Eram apenas três itens: a) planejamento 2011; b) renovação do reconhecimento do curso tecnológico em Design de Interiores; e c) determinação da Diretora do Campus para que haja a comunicação de onde o professor estará, caso a aula não seja em sala, ou seja, extrassala, como visitas técnicas, viagens para participação em eventos, entre outros. Houve um questionamento geral sobre o último ponto da pauta, porque os professores queriam saber o que seria feito em relação aos professores que efetivamente não comparecem às aulas. Uma reação imediata à determinação da Direção foi o que observei.

Mas, esse ponto foi deixado, mesmo que momentaneamente, de lado, pois a questão relativa à renovação do reconhecimento do curso pegou a todos, aparentemente, inclusive a mim (que não esperava esse tipo de trabalho naquele momento), de surpresa, pois eles teriam que deixar o planejamento do ano de 2011 e o início das aulas (a proposta aprovada foi o adiamento do início das aulas, independentemente do calendário letivo), para que o grupo pudesse trabalhar exclusivamente no atendimento a diligências encaminhadas pelos avaliadores do Ministério da Educação – MEC. A proposta foi de um trabalho intensivo e diário, manhã e tarde.

Além disso, pesava sobre o grupo uma sensação de impotência diante do que havia sido comunicado: de que o projeto do curso foi encaminhado à revelia deles, inclusive com o equívoco do encaminhamento do projeto de reconhecimento do curso e não de renovação.
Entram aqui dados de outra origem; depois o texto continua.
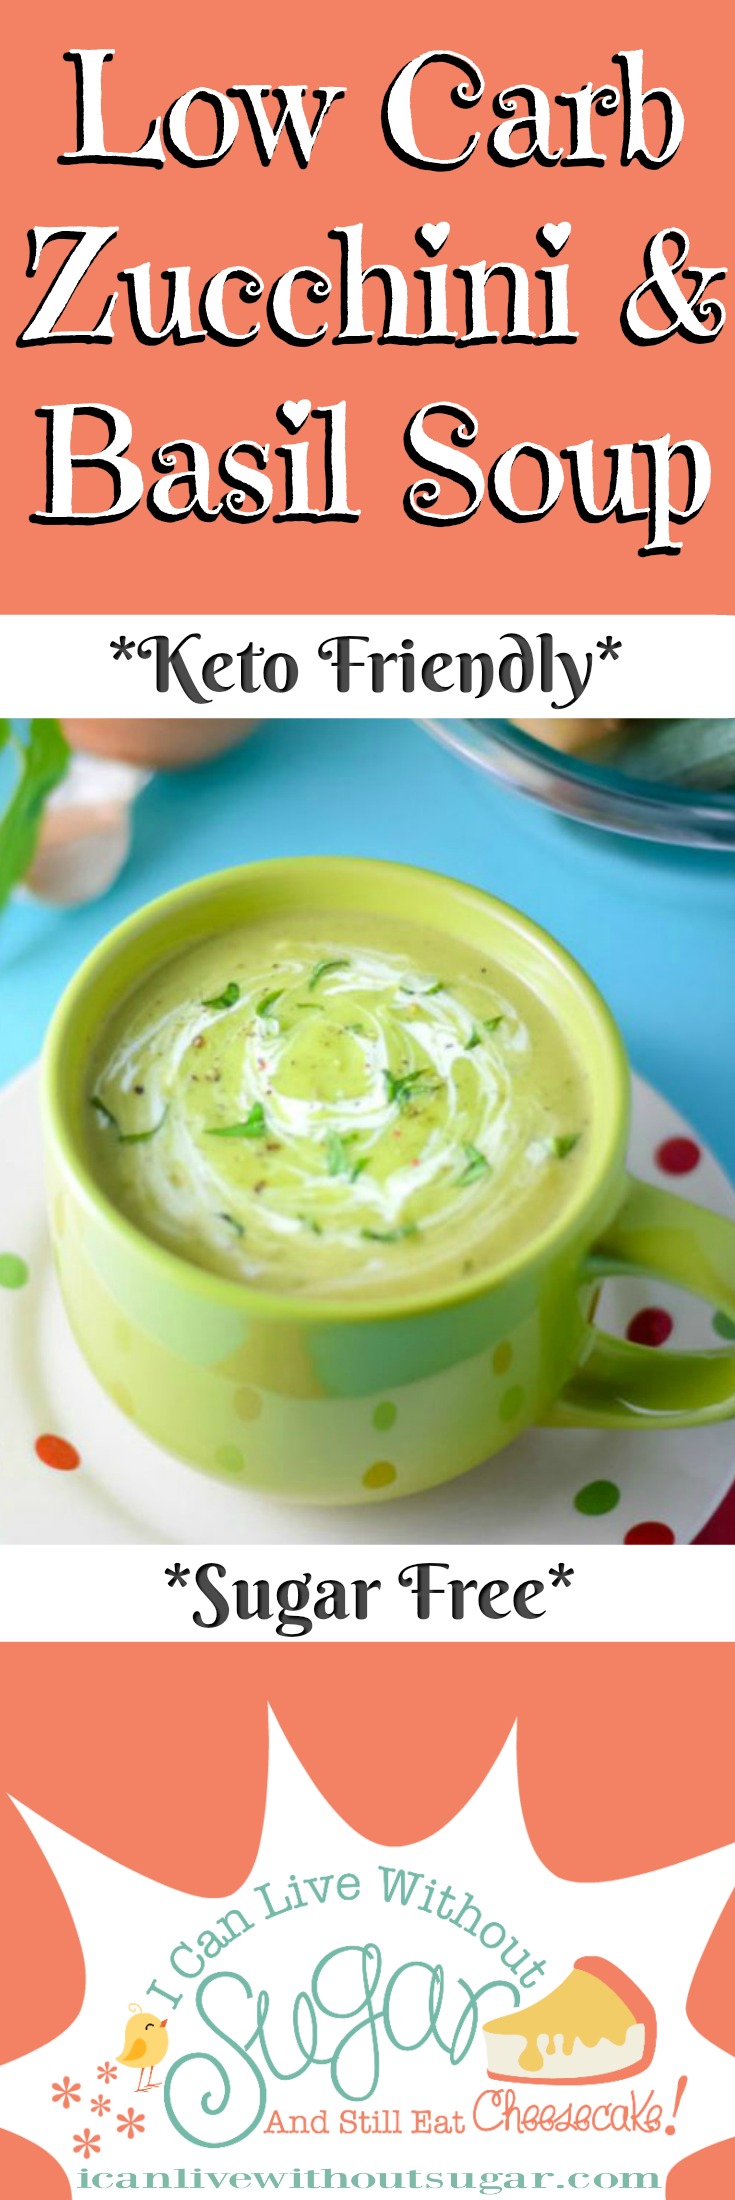 Low Carb Zucchini and Basil Soup. Quick and easy, sugar free and keto friendly. Best tasting zucchini and basil soup. Enjoy as an entrée, quick lunch or light dinner. Makes a  great winter tummy warmer!

Percebi que aquele ponto gerou no grupo um estranhamento em relação ao compromisso de cada um com o andamento do curso e providências administrativas necessárias para a sua manutenção e continuidade. Contudo, nenhum conflito latente emergiu naquele instante, apesar de a notícia ter sido como se tivessem derrubado uma bomba no universo deles.
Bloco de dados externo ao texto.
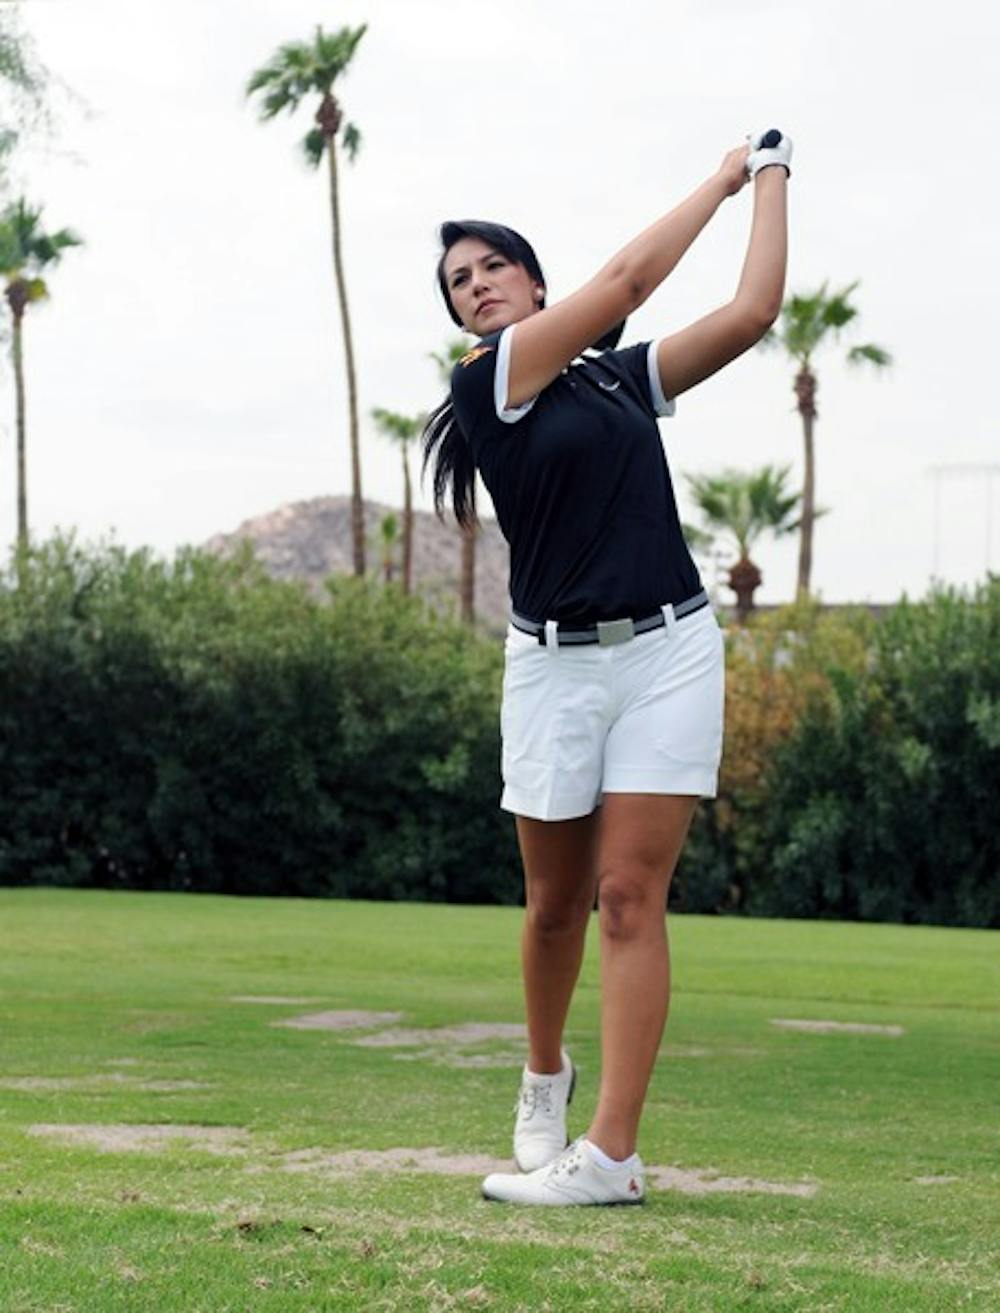 PERSEVERANCE: ASU sophomore Laura Blanco takes a practice swing during media day earlier this year. Blanco fought off back spasms to come back in the third round and help the Sun Devils secure a 10th-place finish. (Photo courtesy of Sun Devil Athletics)

Eu estava na luta contra as minhas próprias convicções e procurei ao máximo observar o que seria decidido. Porém, a Profa. Jabuticabeira sabia que eu já havia trabalhado no MEC com autorização e reconhecimento de cursos e, a certa altura da reunião, foi cogitado que os professores que estivessem afastados da Coordenação e do Instituto, independentemente do motivo, seriam convidados a ajudar, inclusive eu, que no momento estava ali com outros interesses, é claro, mas naquele

momento crítico para eles, eu havia “pousado”; e felizmente, eu seria mais uma a ajudar.

Aceitei, mas fiquei inquieta, pois não esperava iniciar o campo com essa atividade ou mesmo esse trabalho tão específico de projeto de renovação de reconhecimento de curso. Além disso, a intensidade das ações e o envolvimento emocional em virtude de prazos e o próprio estresse dos professores por conta da questão institucional mexeram também comigo (Diário de Campo 1-Digital, p. 10, 02/02/2011).

Ao final do segundo dia em campo, minha escrita foi o relato do meu momento de insegurança, medo, contradição, inexperiência inicial:

São corpos nervosos, tensos. Meu retorno ao terreno encontrou professores em momentos de alegria no reencontro com os colegas, mas ao mesmo tempo, um regresso ao trabalho com desafios e situações desagradáveis. Logo após as boas vindas do curso de Design, os professores foram avisados/comunicados em seu retorno de que o curso passará por processo de renovação de reconhecimento e que o projeto foi encaminhado junto ao sistema MEC na versão que estava arquivada no Departamento de Graduação, ou seja, o projeto do curso reconhecido em 2005, cuja matriz, ementas, bibliografia, segundo os professores, já não atende às demandas de formação dos alunos.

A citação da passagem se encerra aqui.